Breeding grass carp would be a nightmare. There are hundreds of thousands of the huge fish in South Florida ponds. With a lifespan of up to 15 years and a hearty girth of up to 50 pounds, the carp would trample everything else in Florida's waterways. Nonsterile species of carp have already done that in other states, such as Illinois. What we have here, ladies and gentlemen, is a breeding and eating machine.
Could it be true? Tailpipe decided to go fishing to find out. Guided by e-mailed instructions from the Fish Whisperer, the 'Pipe found himself leaning out over the bank of the Hillsboro canal on a recent Saturday morning. In the shallows were plenty of small, silvery fish, many of which looked like the picture of carp small fry he'd studied on the computer. But Mesner wasn't so sure.
"That one's a tilapia," he said, frowning. "That's a saltwater fish it's not even supposed to be in here. And that one I'm not even sure what that is, but it's not a carp."
At one point, Menser gestured for the net that Tailpipe had brought for this outing, a tiny $1 plastic affair duct-taped to a large bass-catching net with a six-foot wooden handle.
Menser spent a half hour rummaging and pouncing in the reeds until the poor-man's carp-catcher broke apart under the dock. He caught a few minnows but, disappointingly, nothing that looked like carp small fry.
The 'Pipe returned home empty-handed to ask a carp expert how likely it was that his equipment malfunction had prevented a biological discovery of thrilling proportions.
"We've had a couple of reports of carp spawning, and it usually turns out to be other species," says David Douglas, the biological administrator and habitat and species conservation officer for The Fish and Wildlife Commission in Eustis. "If the triploid is a real triploid and has been produced correctly, then the answer should be 100 percent 'no. '"
"They don't reproduce," said Jon Fury, a regional fisheries biologist for the Fish and Wildlife Commission. "What he's probably seeing is either small lake chubsuckers, which is similar body structure to a grass carp.
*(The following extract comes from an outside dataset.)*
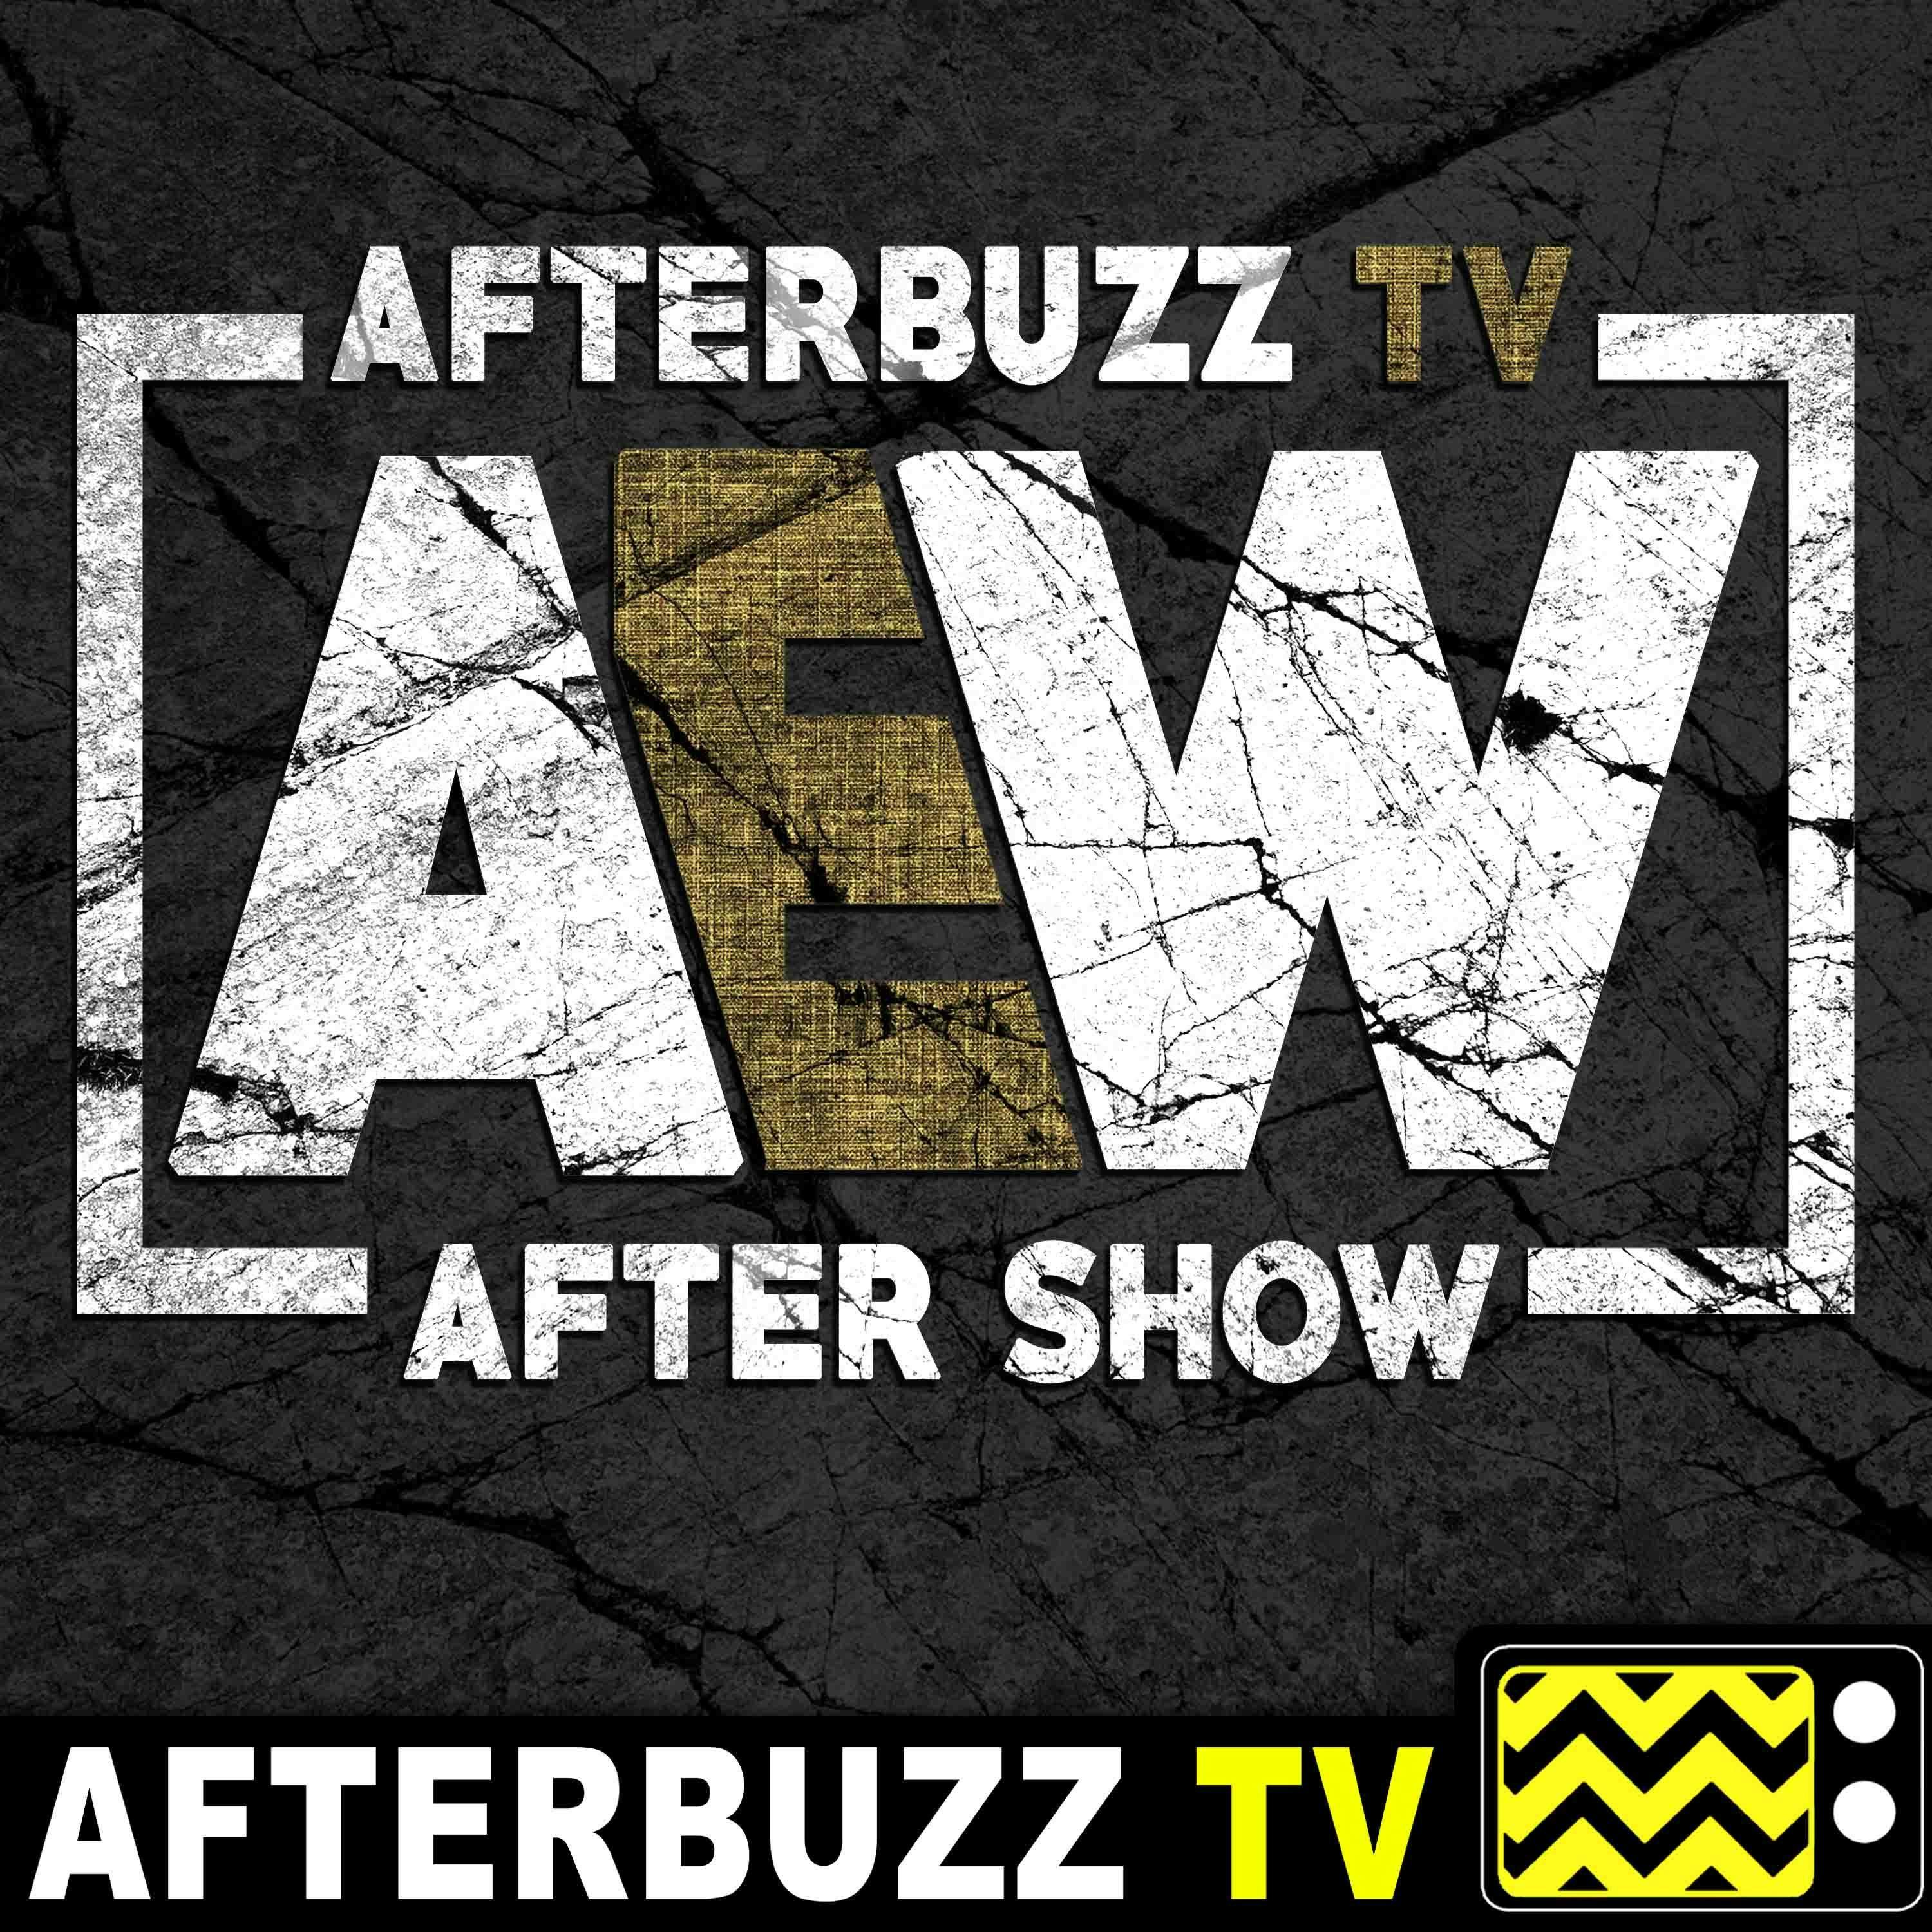 AEW Dynamite is BROKEN - All Elite Wrestling Recap & Review

Or small golden shiners; they kind of have the same reflective coloration."
When pressed, Fury conceded that some normal, reproductively ready diploid carp might sneak through the regulation process. "Not every specific fish is checked," he says.
Scary echoes of Jeff Goldblum talking about supposedly sterile dinosaurs in Jurassic Park: "Life finds a way."
Could nature find a way?
"Well, I guess anything's possible," Fury says.
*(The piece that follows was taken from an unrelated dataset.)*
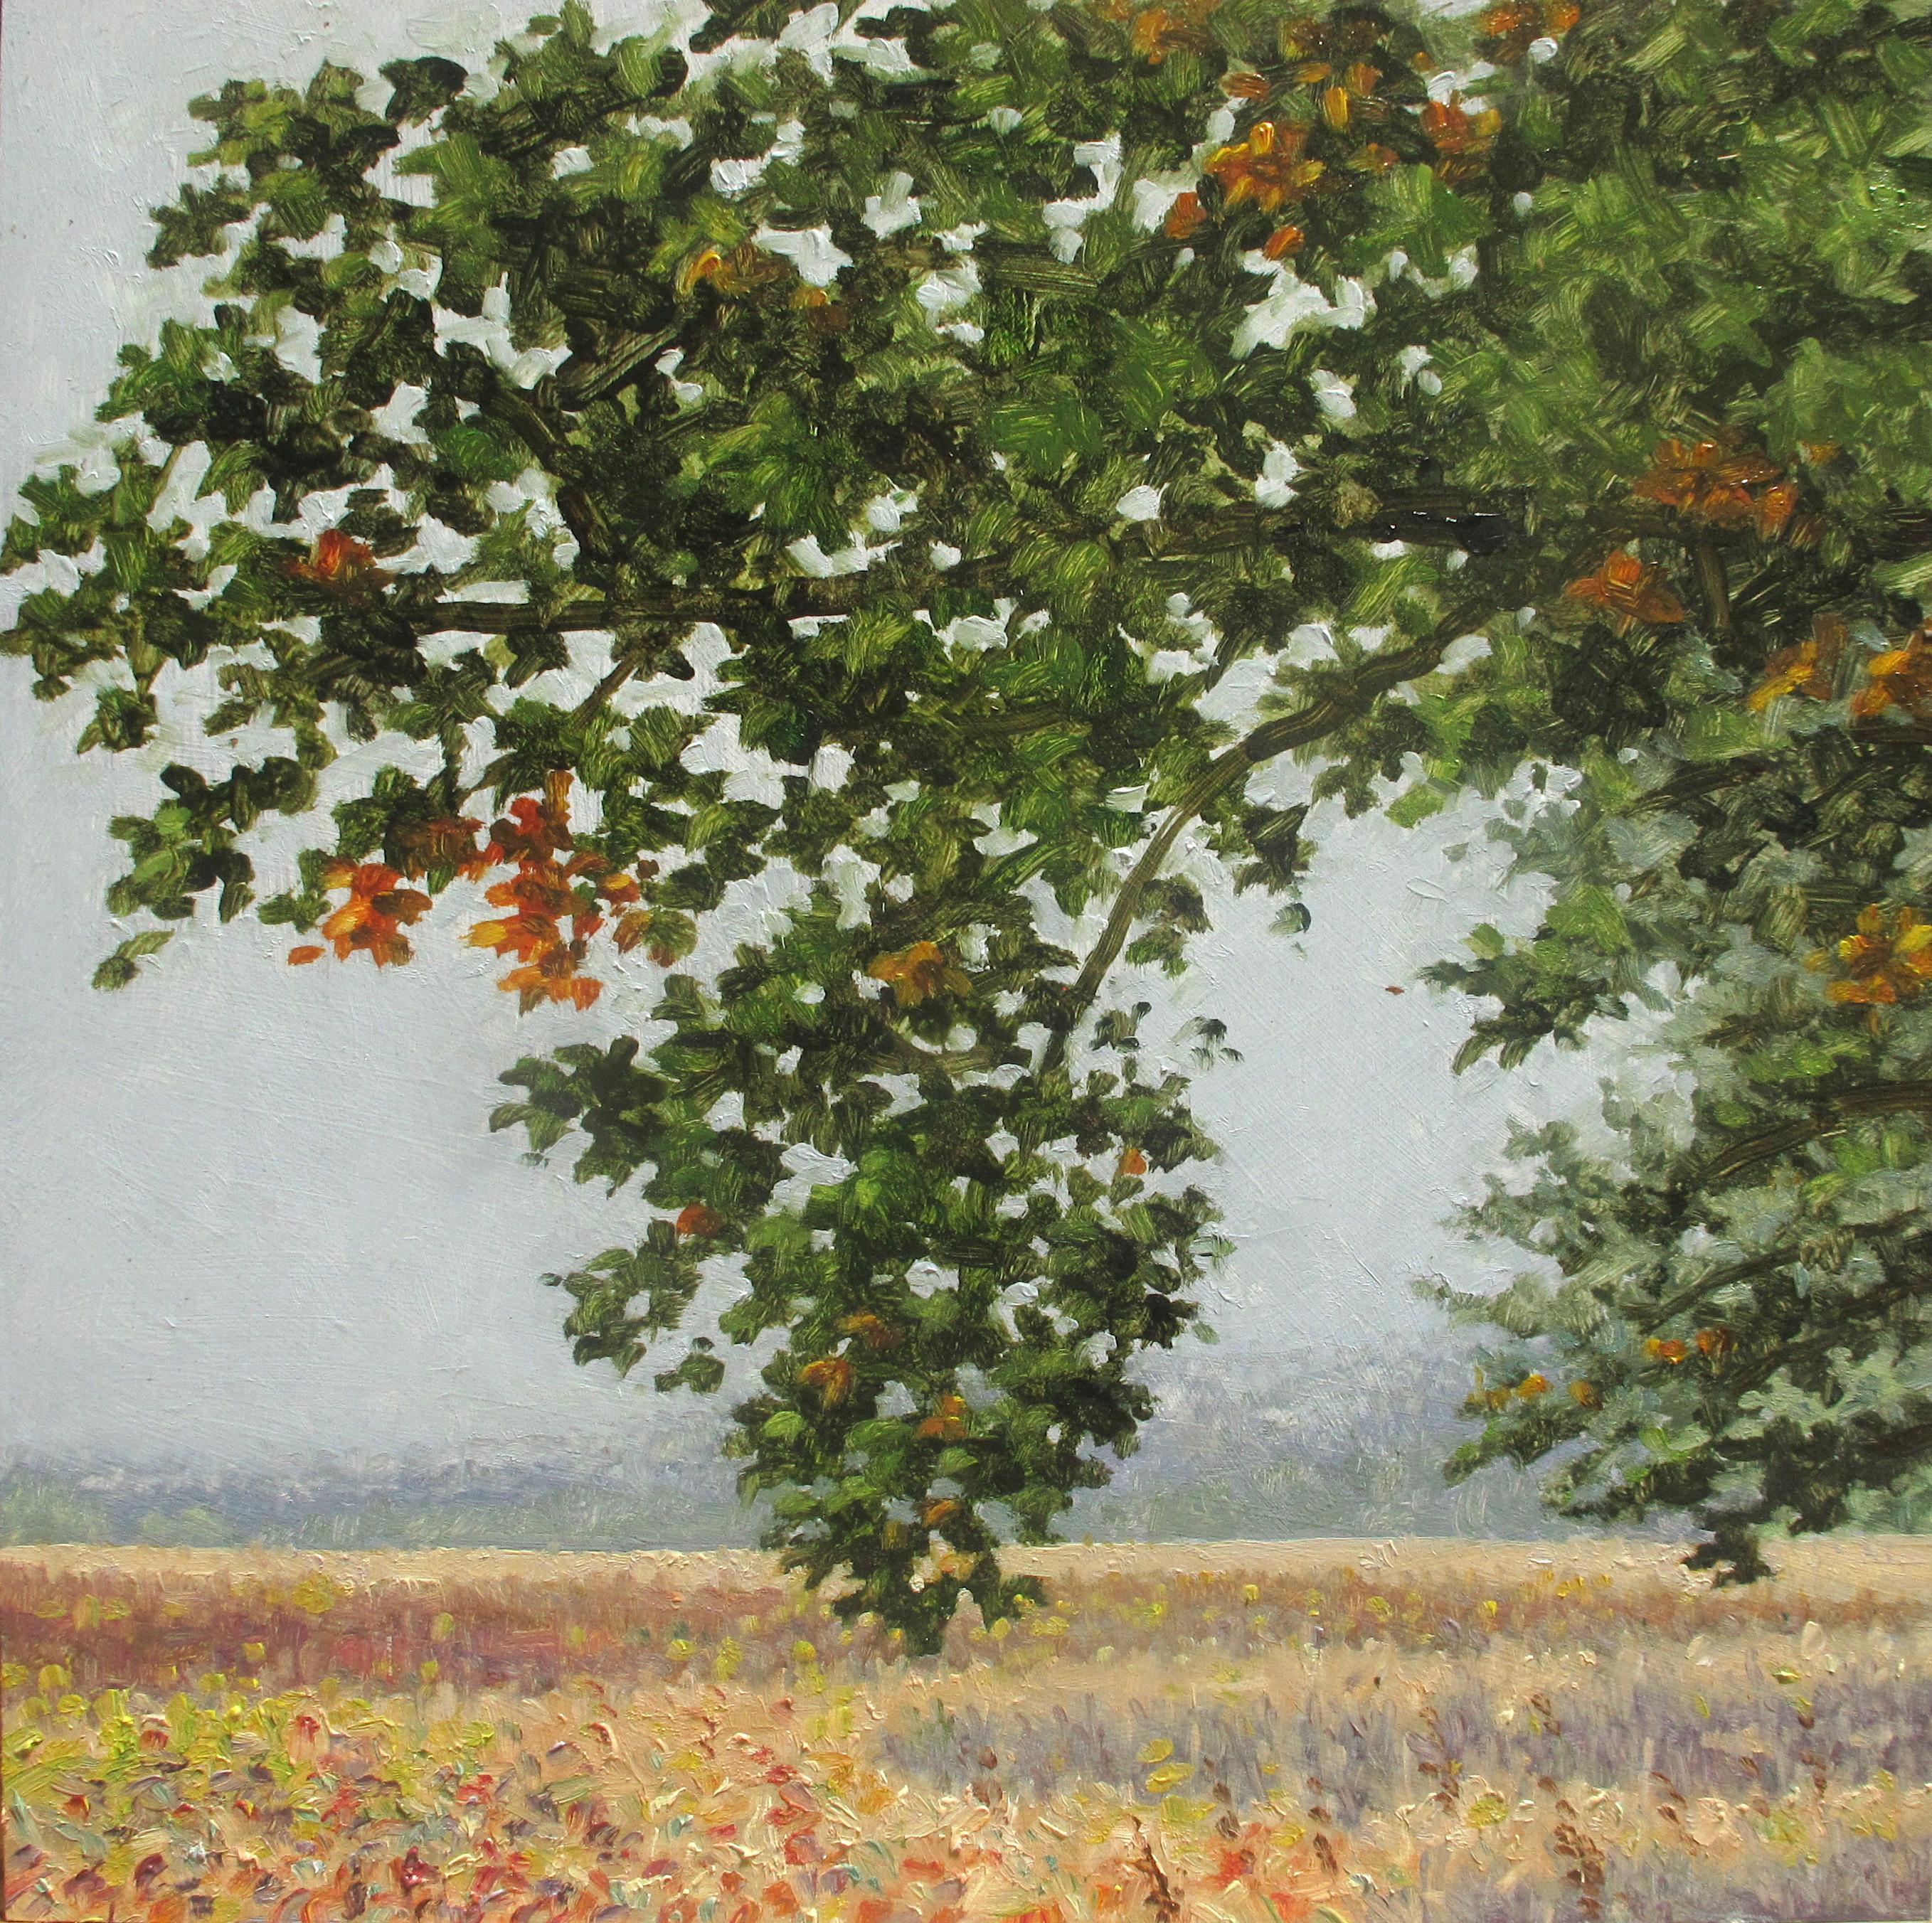 Thomas Sarrantonio Landscape Painting - Field Painting September 22 2020, Botanical, Green Tree, Golden Grass, Autumn

Tailpipe is keeping all the pipette toddlers in his family fenced in behind the home garage with an armed guard.
Although not as eagerly anticipated as the start of duck season, hurricane season does bring with it some odd birds. Like folks who'd lay down extra cash for a new home with a specially constructed room designed to let you ride out a killer Category 4 storm in high style.
Bentley Realty Group, a luxury townhome builder offering swank residences for the disposable-income set, is rolling out two new projects in Fort Lauderdale that come complete with the accouterments one would expect. Granite countertops, wood cabinets, stainless-steel appliances, and Jacuzzi-style bathtubs are all standard. For those who don't desire a repeat of last fall's electricity-less weeks filled with Scrabble and cold Spaghetti-O's, Bentley's new projects in Victoria Park and Riverside Park also promise "carefree luxury townhouse living" for $600,000 to $700,000. They've got "state-of-the-art hurricane protection."